### HOW TO COMPLETE THIS TASK:
The response must contain each line of the material that holds "Dress".

### GIVEN INFORMATION:
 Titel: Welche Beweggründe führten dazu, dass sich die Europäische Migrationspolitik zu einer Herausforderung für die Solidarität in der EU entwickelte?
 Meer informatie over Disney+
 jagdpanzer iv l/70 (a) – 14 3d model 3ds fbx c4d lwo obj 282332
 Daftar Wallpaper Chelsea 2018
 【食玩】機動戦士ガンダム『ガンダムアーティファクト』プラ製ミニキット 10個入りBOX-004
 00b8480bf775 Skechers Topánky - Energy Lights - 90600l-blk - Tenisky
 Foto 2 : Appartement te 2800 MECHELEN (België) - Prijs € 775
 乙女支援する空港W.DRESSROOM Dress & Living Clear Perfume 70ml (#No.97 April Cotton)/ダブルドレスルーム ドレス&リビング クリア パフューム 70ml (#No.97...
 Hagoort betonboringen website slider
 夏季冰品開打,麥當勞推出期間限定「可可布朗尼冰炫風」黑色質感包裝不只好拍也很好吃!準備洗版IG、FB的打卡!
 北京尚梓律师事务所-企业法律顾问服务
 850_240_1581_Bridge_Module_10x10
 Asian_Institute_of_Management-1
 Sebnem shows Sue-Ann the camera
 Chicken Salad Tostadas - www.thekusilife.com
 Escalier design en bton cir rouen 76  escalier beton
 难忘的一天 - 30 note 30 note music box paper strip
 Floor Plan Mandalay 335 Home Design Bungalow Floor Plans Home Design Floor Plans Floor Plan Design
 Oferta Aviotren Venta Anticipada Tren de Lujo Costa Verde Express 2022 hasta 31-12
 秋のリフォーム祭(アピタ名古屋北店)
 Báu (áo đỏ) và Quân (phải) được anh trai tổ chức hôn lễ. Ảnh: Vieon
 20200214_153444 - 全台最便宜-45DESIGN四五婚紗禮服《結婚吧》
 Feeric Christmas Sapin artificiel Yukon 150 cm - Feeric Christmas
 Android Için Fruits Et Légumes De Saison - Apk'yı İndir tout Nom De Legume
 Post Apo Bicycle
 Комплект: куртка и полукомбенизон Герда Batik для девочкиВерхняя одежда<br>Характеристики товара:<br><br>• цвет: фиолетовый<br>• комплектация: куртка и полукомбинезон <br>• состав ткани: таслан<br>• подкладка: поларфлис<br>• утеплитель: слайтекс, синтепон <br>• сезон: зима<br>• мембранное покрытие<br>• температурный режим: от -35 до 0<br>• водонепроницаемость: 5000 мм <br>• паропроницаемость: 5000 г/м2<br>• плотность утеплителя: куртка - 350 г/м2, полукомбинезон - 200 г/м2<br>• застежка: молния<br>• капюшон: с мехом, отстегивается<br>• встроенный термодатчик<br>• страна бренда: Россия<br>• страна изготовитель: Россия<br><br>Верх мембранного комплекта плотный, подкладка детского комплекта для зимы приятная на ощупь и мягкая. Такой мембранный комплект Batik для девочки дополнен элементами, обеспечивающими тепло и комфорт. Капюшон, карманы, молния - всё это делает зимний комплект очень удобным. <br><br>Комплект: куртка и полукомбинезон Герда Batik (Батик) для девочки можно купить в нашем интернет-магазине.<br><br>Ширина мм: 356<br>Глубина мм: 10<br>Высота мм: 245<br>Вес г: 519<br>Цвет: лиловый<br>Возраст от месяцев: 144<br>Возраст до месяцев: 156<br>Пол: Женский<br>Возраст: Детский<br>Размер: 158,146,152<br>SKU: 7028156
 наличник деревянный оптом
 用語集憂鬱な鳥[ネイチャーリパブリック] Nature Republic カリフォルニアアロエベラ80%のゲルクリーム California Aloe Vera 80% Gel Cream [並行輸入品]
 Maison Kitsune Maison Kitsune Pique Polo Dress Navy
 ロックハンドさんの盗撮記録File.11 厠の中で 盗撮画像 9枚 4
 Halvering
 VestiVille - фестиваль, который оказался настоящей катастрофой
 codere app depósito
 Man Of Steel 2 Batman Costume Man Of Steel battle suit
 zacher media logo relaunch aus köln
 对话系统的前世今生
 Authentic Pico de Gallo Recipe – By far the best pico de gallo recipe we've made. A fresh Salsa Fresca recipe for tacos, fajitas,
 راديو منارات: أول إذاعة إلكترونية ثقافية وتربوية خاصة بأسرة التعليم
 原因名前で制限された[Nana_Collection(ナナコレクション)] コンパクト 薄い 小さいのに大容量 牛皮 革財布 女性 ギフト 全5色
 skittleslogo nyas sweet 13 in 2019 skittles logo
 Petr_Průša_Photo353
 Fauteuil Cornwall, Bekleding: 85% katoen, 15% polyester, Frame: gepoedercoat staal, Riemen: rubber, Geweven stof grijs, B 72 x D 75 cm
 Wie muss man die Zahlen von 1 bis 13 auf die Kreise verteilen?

### ANSWER BOX:
 乙女支援する空港W.DRESSROOM Dress & Living Clear Perfume 70ml (#No.97 April Cotton)/ダブルドレスルーム ドレス&リビング クリア パフューム 70ml (#No.97...
 Maison Kitsune Maison Kitsune Pique Polo Dress Navy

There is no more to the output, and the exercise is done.